• [Task objective] Beginning with the line that contains "Beautiful grained keyaki", transcribe the rest of the listing below exactly, including its last line, and exclude any pictures.

• [Material provided]
------

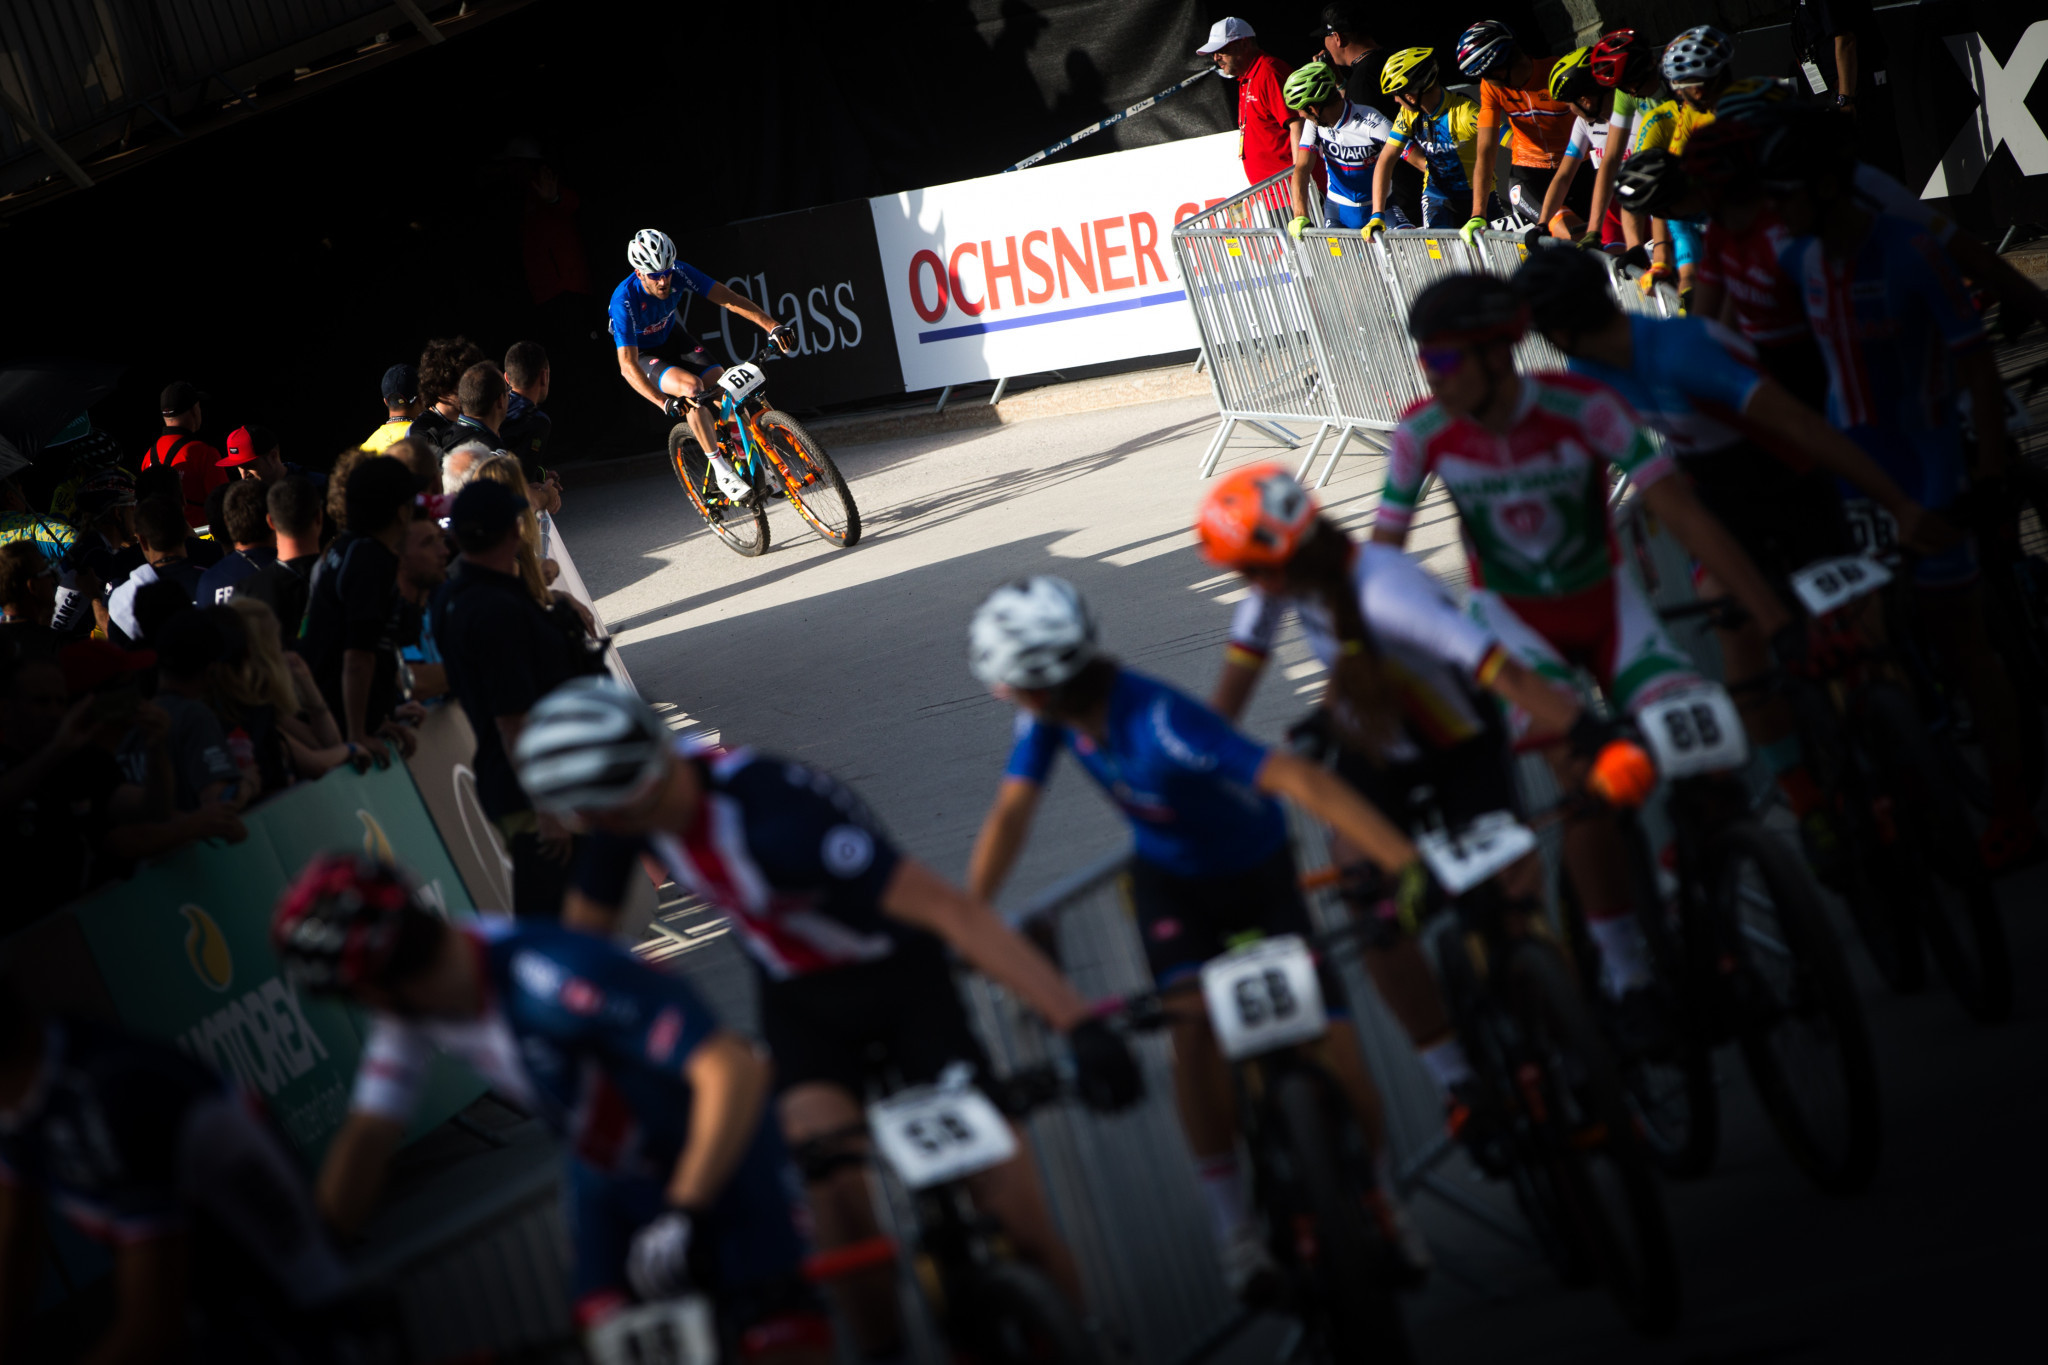 The team relay event opened the Championships in Switzerland ©UCI
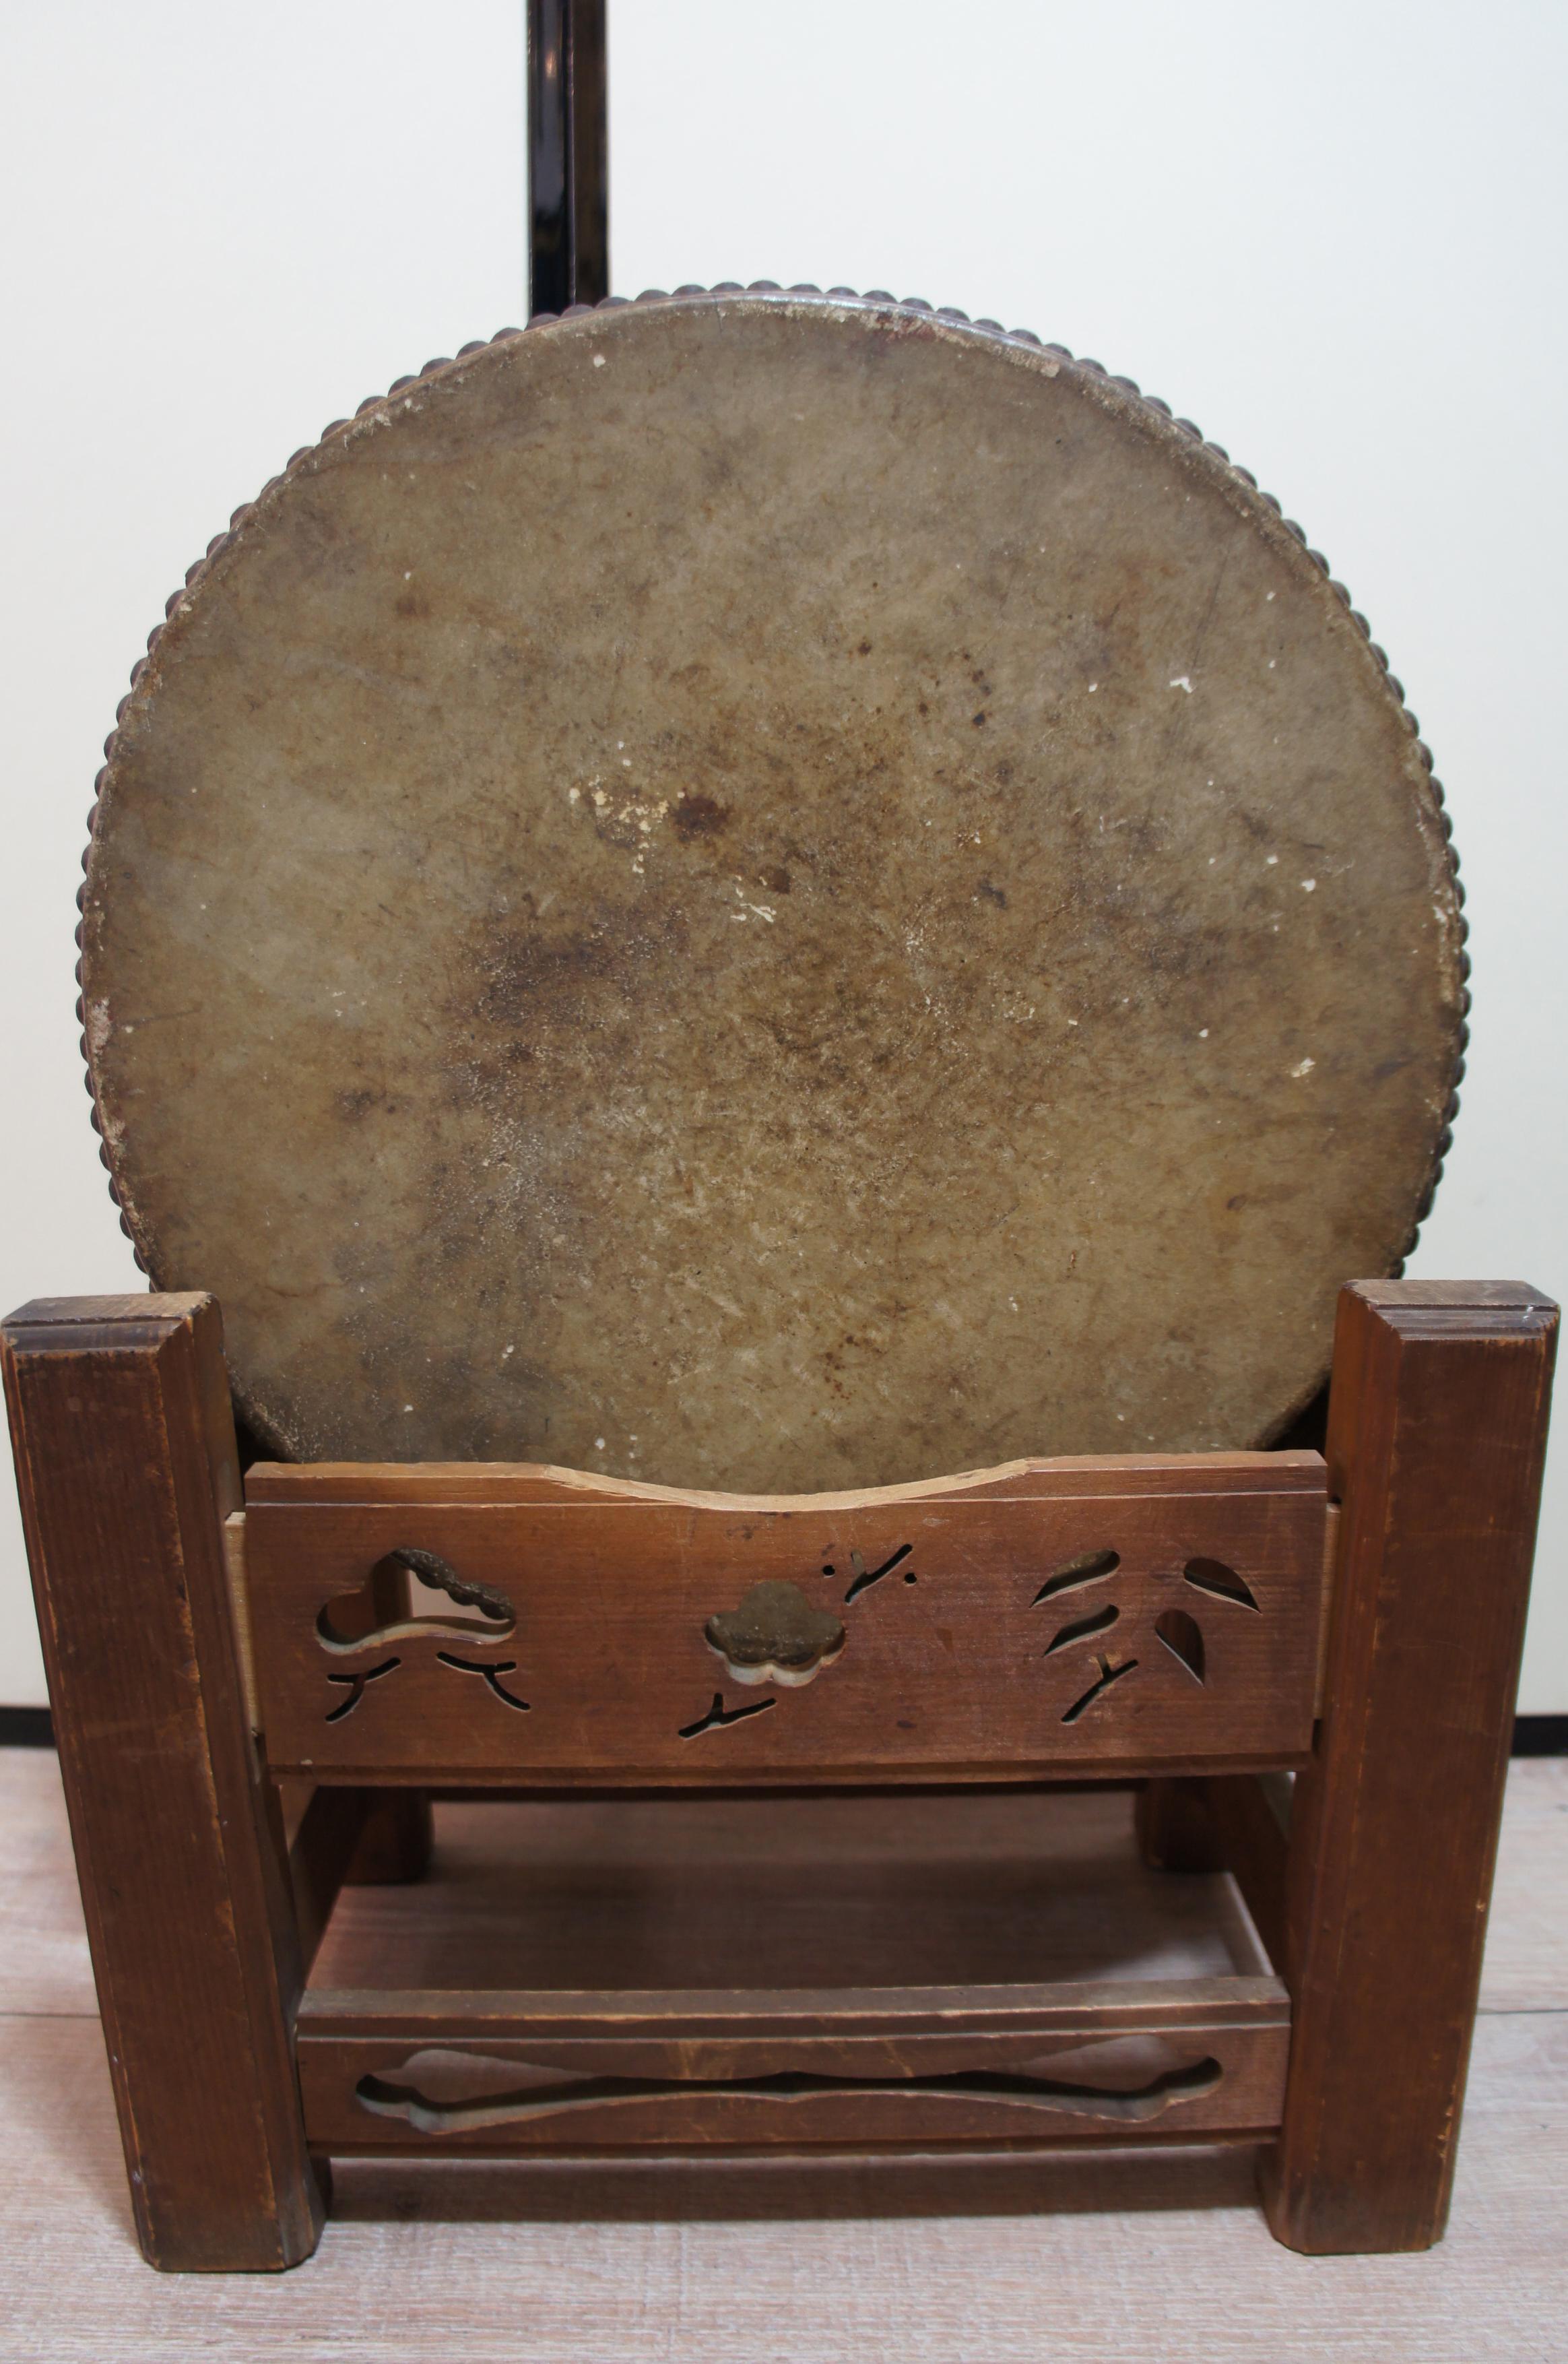 Beautiful grained keyaki wood flat drum with iron handles and iron tacks.
This Hira Taiko is Japanese traditional flat drum for the festival. The skin is made of buffalo’s hide.
It had been made by

------

• [Answer space]
 Beautiful grained keyaki wood flat drum with iron handles and iron tacks.
This Hira Taiko is Japanese traditional flat drum for the festival. The skin is made of buffalo’s hide.
It had been made by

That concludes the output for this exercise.